Bonding lithium and beryllium under pressure
Project leads: Roald Hoffmann, Ph.D., & Richard Hennig, Ph.D., Cornell University
Research title: Emergent reduction of electronic state dimensionality in dense ordered Li-Be alloys
Funding sources: National Science Foundation & the Petroleum Research Fund of the American Chemical Society
The stalwart computing power of the Ohio Supercomputer Center recently played an integral role in a groundbreaking discovery by Cornell University scientists.
By combining theory and computational modeling, the researchers predicted that the lightest known metals in the universe, lithium (Li) and beryllium (Be), will bond under high levels of pressure and form stable — and possibly superconductive — alloys. Under normal conditions, Li and Be repel each other. Unexpectedly, they also found that the combination creates a quasi two-dimensional electron gas sandwiched between the Li layers of the LiBe alloy.
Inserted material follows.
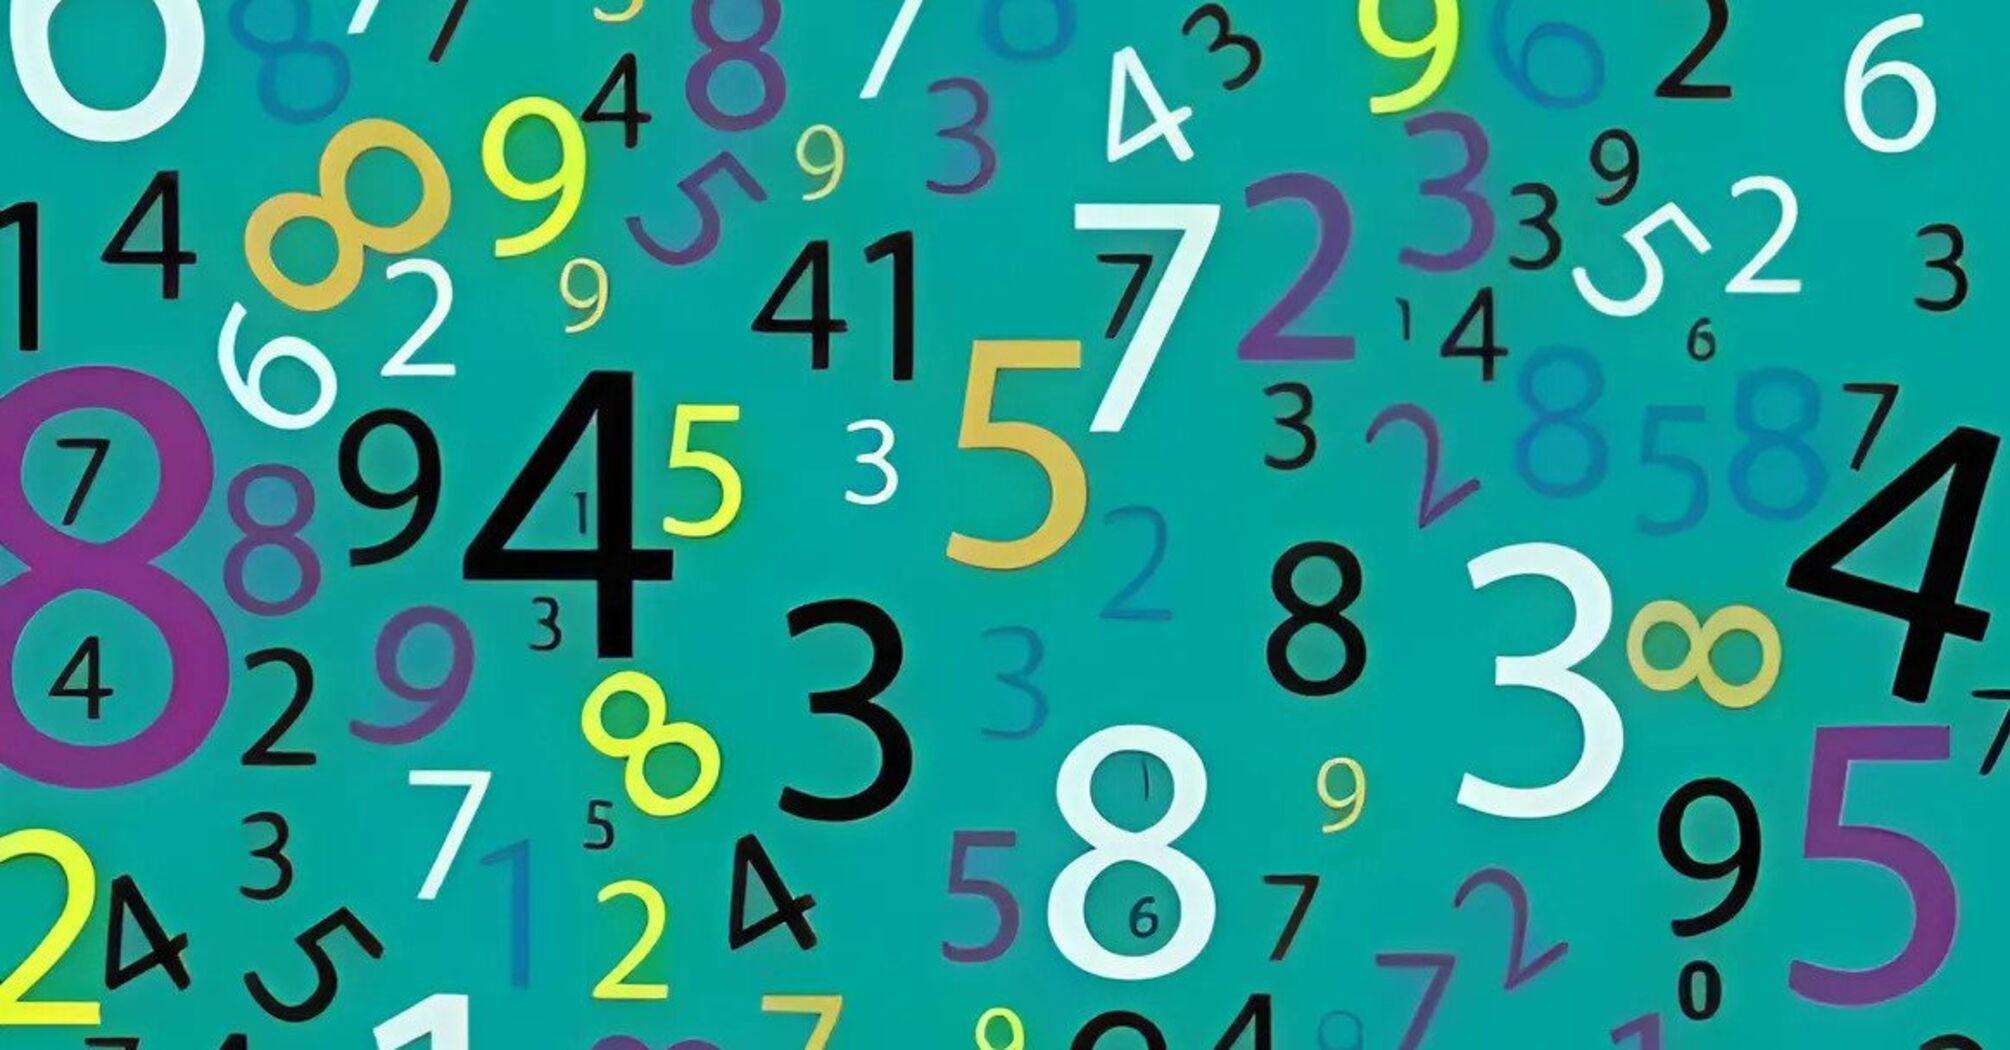 Puzzle for the smartest: test yourself and try to find the hidden number

“While I searched for stable high-pressure structures using the random search method, my colleague used chemical information to determine likely stable bond arrangements for LiBe,” said Richard Hennig, Ph.D., a Cornell University professor in materials science and engineering. “OSC’s queuing system enabled us to simultaneously run large numbers of density functional calculations within a few weeks time. This is a great benefit over other supercomputing centers.”
The research, supported by the National Science Foundation, appeared in the Jan. 24, 2008, issue of the journal Nature.
“The Ohio Supercomputer Center was my first choice for computing the structures at each composition and pressure,” Dr. Hennig said. He previously used OSC extensively for ab-initio and quantum Monte Carlo calculations of defects in semiconductors and phase transformation in transition metal alloys as a post-doctorate researcher under Ohio State University Physics Professor John Wilkins. Their on-going collaborations grant Dr. Hennig access to OSC’s supercomputers from Cornell.